##### SUPPLIED DATA #####

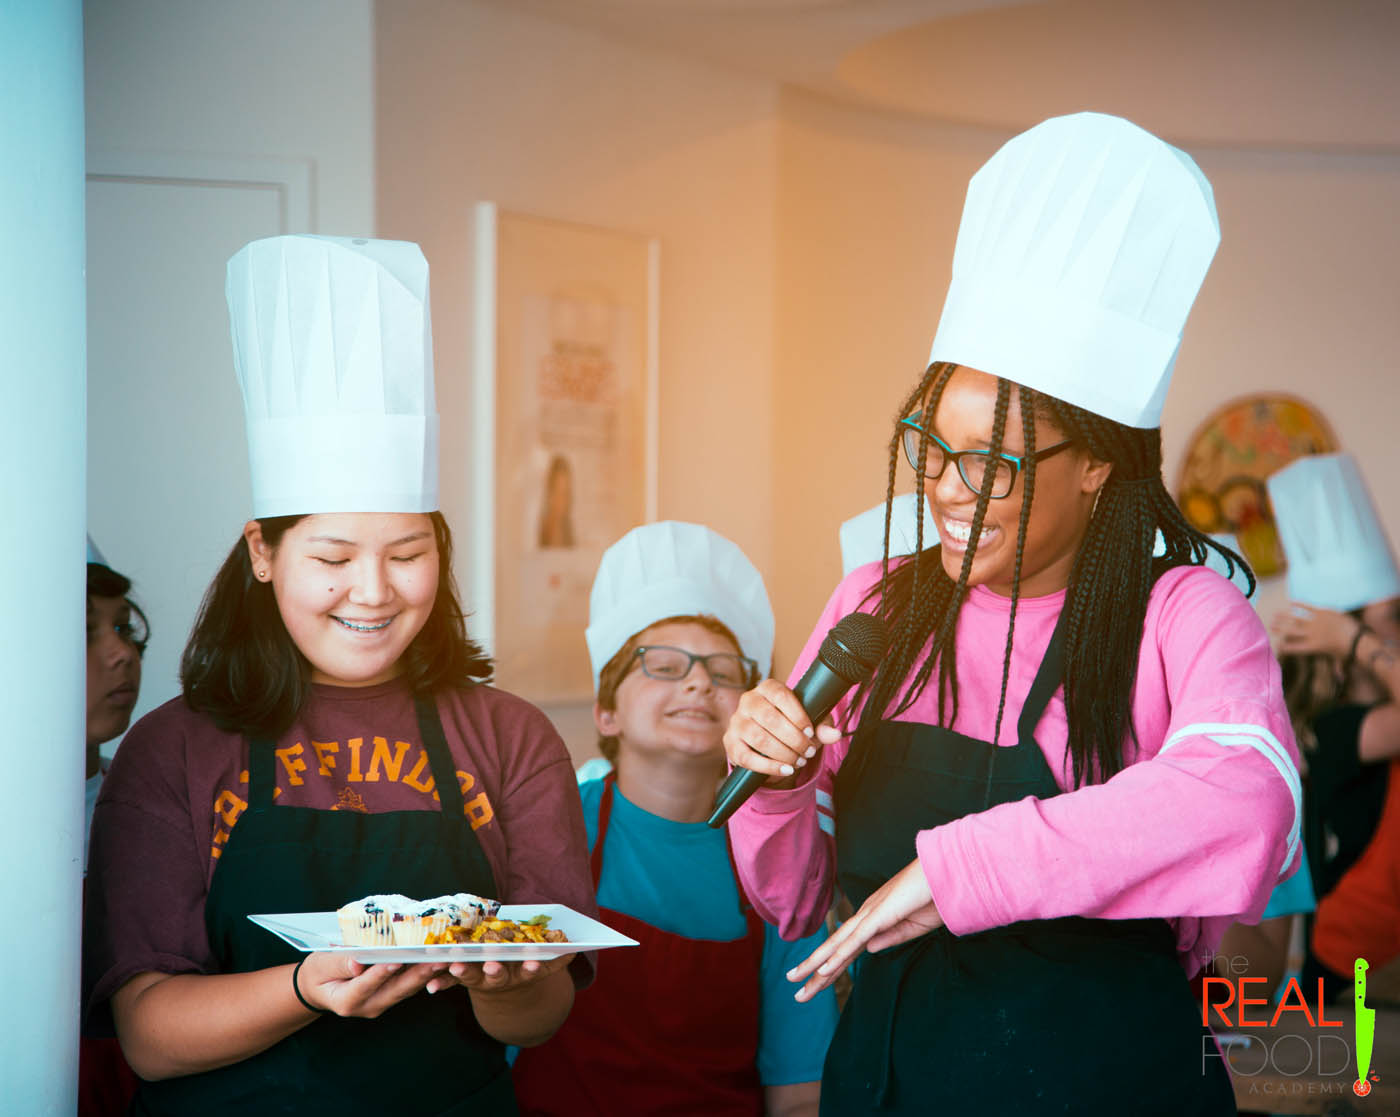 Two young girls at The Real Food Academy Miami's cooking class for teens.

#####
##### SUPPLIED DATA #####

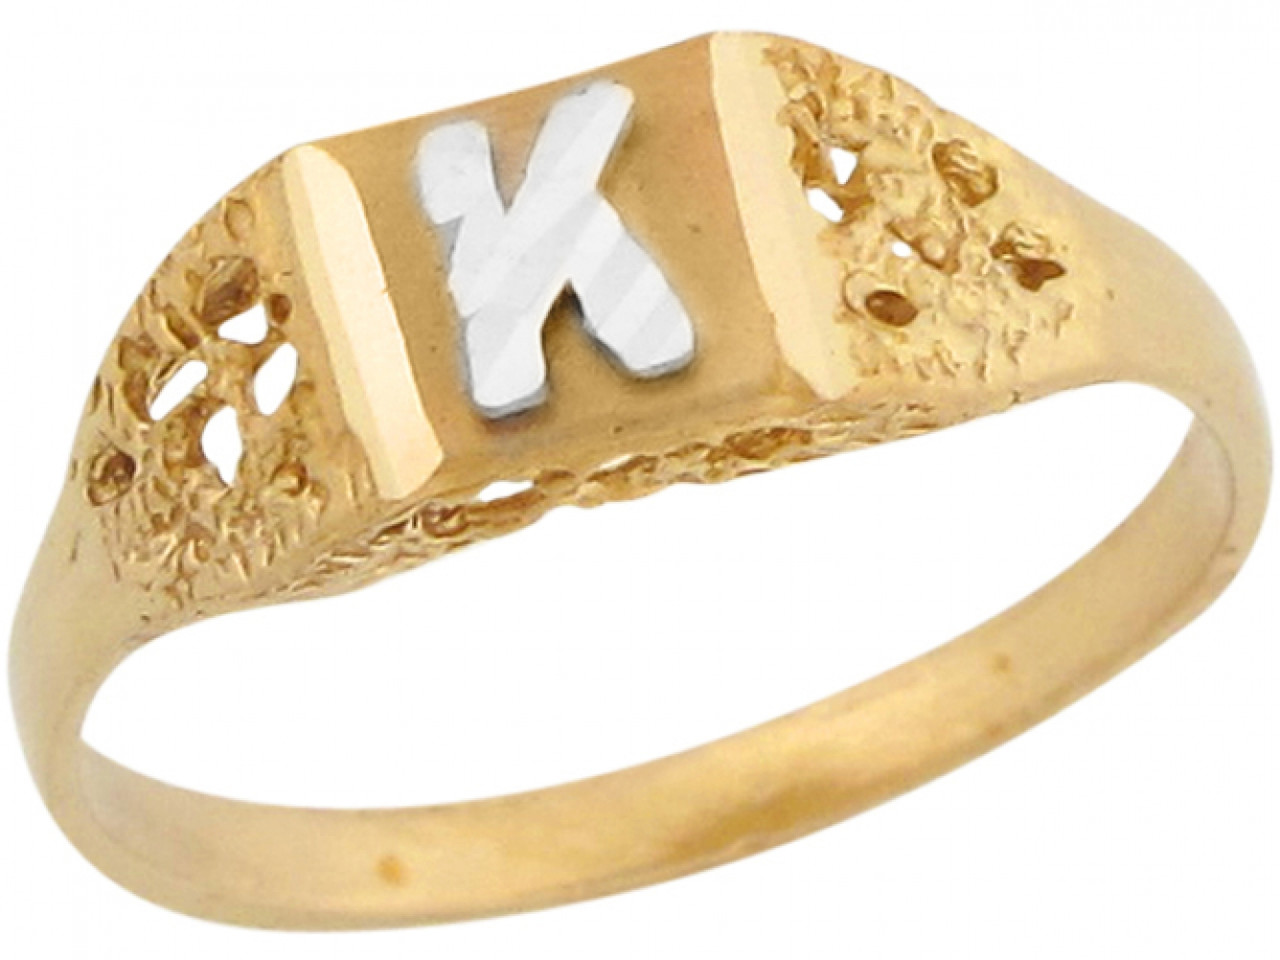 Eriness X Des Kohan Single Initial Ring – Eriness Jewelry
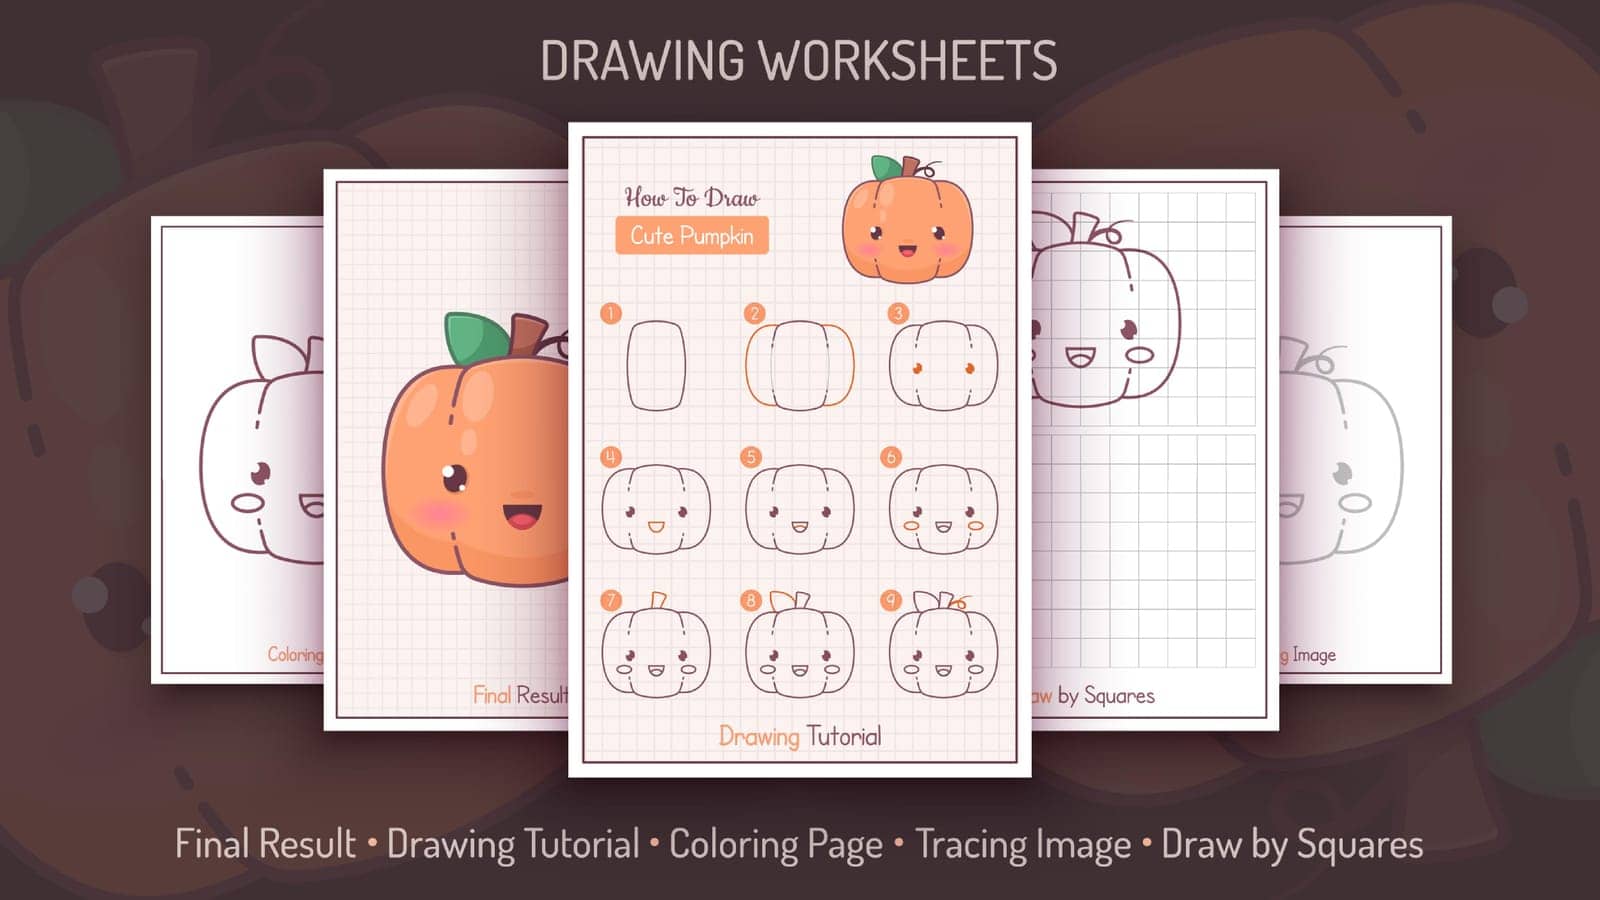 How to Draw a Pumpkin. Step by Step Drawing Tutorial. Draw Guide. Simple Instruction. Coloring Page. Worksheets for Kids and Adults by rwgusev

#####
##### SUPPLIED DATA #####

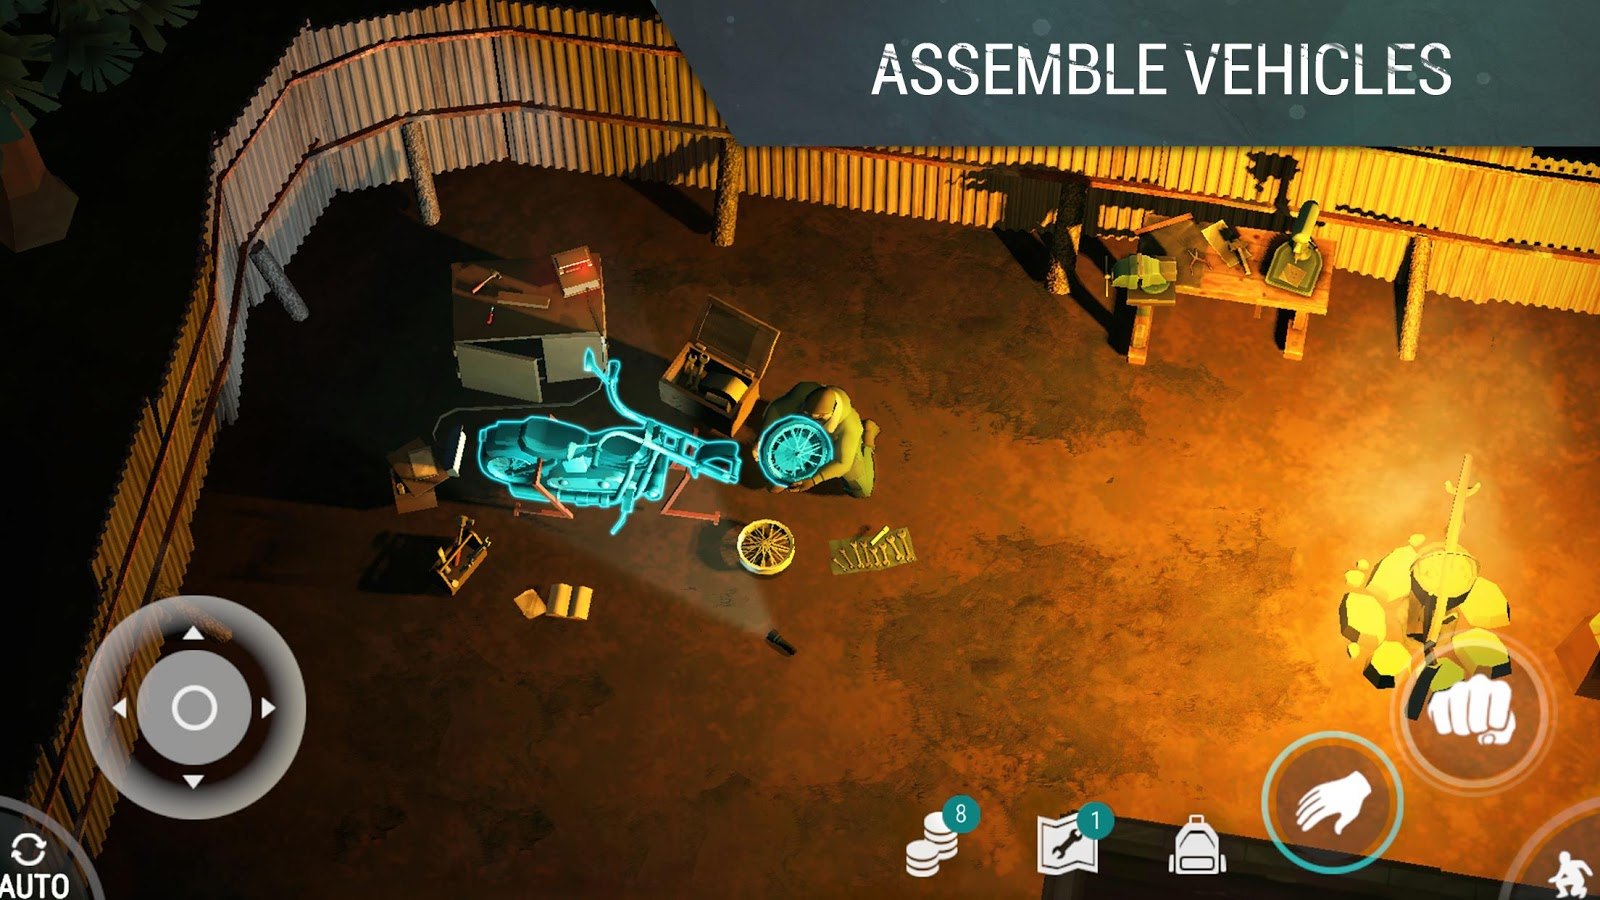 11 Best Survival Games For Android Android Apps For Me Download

#####

REQUIRED ACTION:
Print an exact copy of the lines above, from the one containing "Eriness X Des" through the one containing "How to Draw", and leave out the pictures.

RESULT:
 Eriness X Des Kohan Single Initial Ring – Eriness Jewelry
 How to Draw a Pumpkin. Step by Step Drawing Tutorial. Draw Guide. Simple Instruction. Coloring Page. Worksheets for Kids and Adults by rwgusev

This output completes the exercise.